An updated approach to underbalanced well design has been developed with a view to enhancing the ability to recover gas to process (pipeline, gas plant, offset well, temporary storage, etc.). With the growing trend towards reducing greenhouse gas emissions, this technique evaluates the range of anticipated operating conditions (gas inflow and wellhead pressures) as a function of liquid and gas injection rates and the productivity index of the reservoir.
Typically, underbalanced drilling projects have been designed to minimize gas injection requirements down the drill string or annulus (concentric injection or parasite injection) for equipment efficiency and erosional considerations. This means that wellhead pressure is typically kept to a minimum, maintaining sufficient pressure to aid in shipping liquids from the separator.
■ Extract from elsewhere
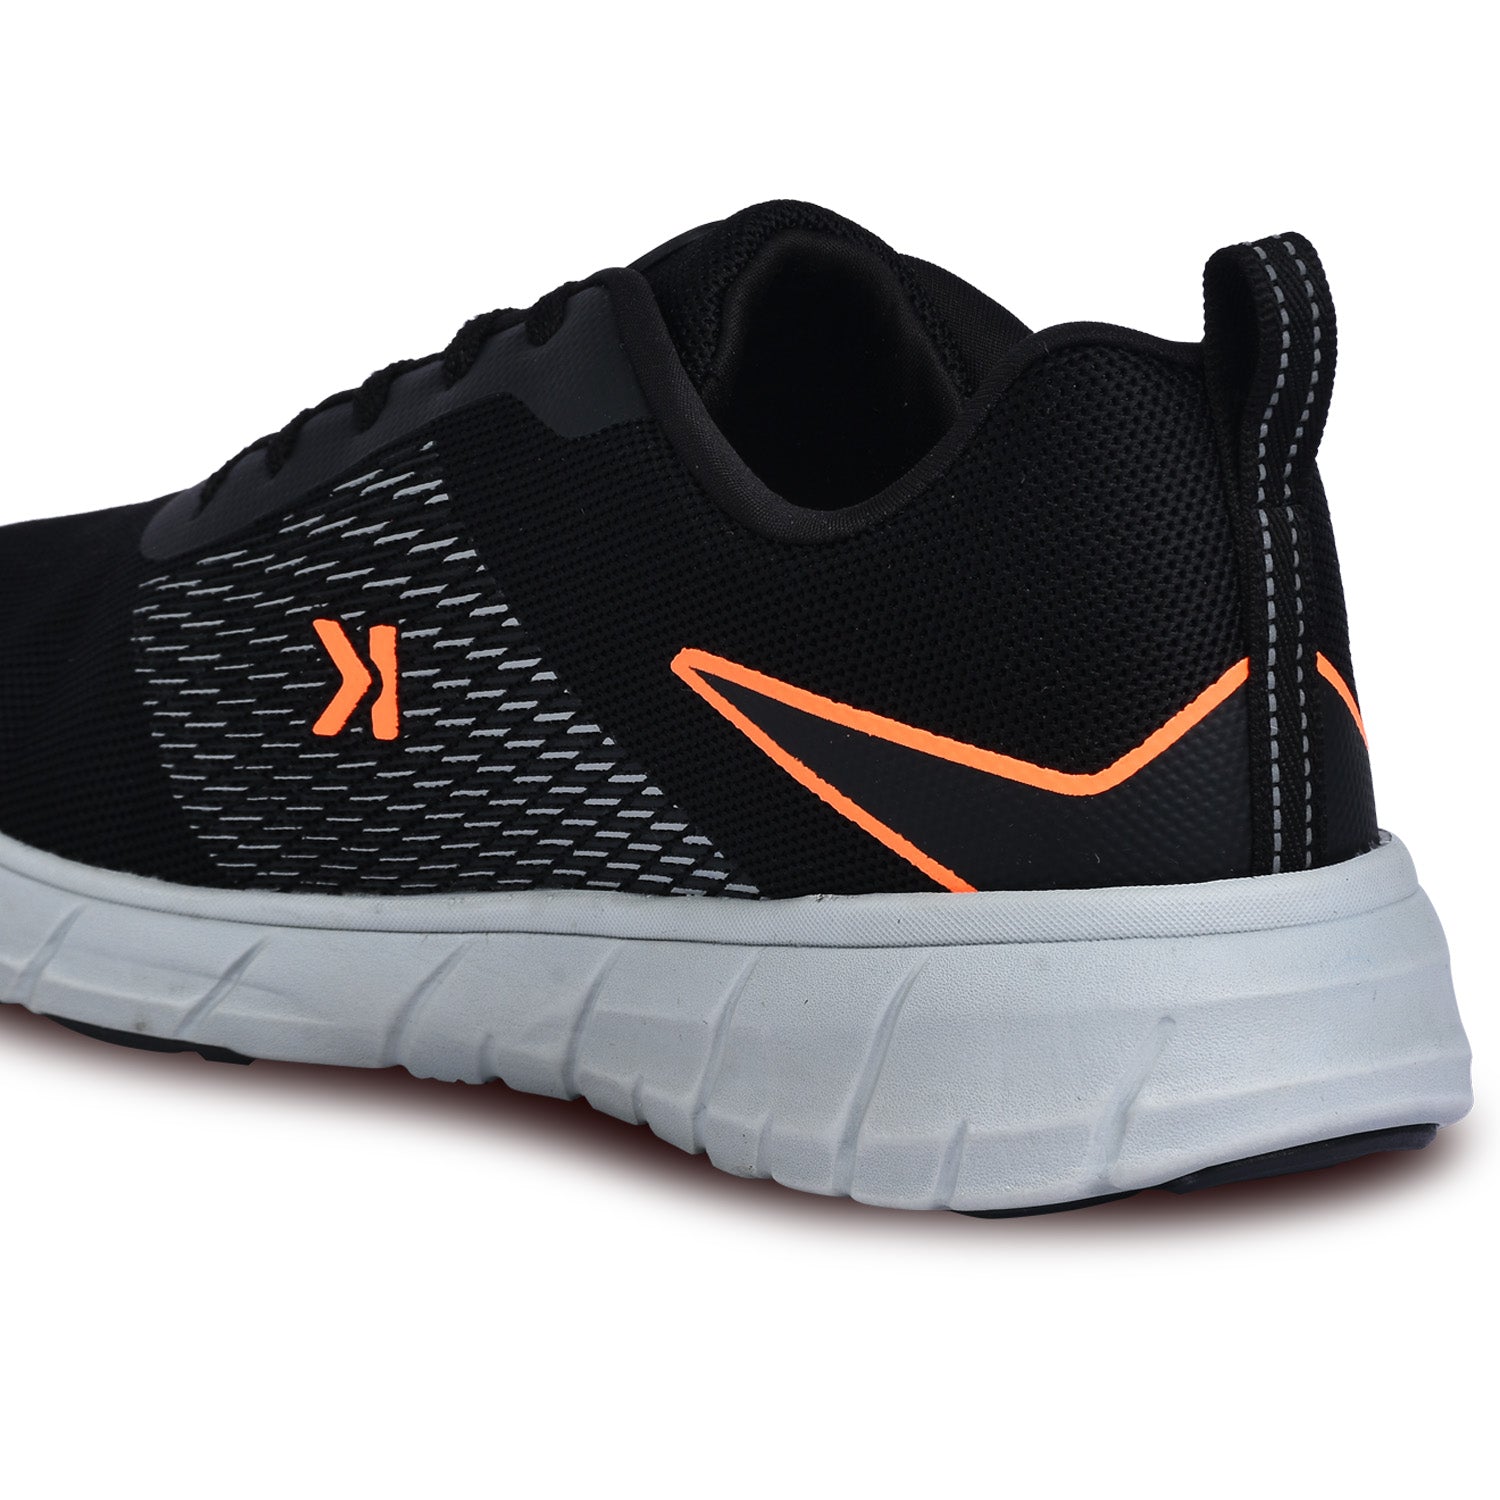 Eeken Black - Orange Athleisure Shoes for Men

An exception to this is where elevated wellhead pressures may be desired to increase bottom hole pressure and reduce inflow from the reservoir, however, the objective in this instance is to control bottom hole pressure.
The typical approach to designing for underbalanced drilling parameters is normally based upon a graph of bottom hole pressure on the y-axis as a function of gas rate on the x-axis. It is usual to overlay the hole cleaning parameters – based upon minimum annular liquid velocity – and minimum and maximum equivalent flow rates through the motor. In addition, the target bottom hole circulating pressure limitations (usually derived as a function of reservoir pressure) define the operating window from which the required liquid and gas injection rates can be determined.
This updated approach addresses many issues such as equipment sizing and expected production rates while drilling through to effective pressure management at surface to aid in well stability. Furthermore, the approach lays down the fundamental groundwork for future underbalanced control algorithms.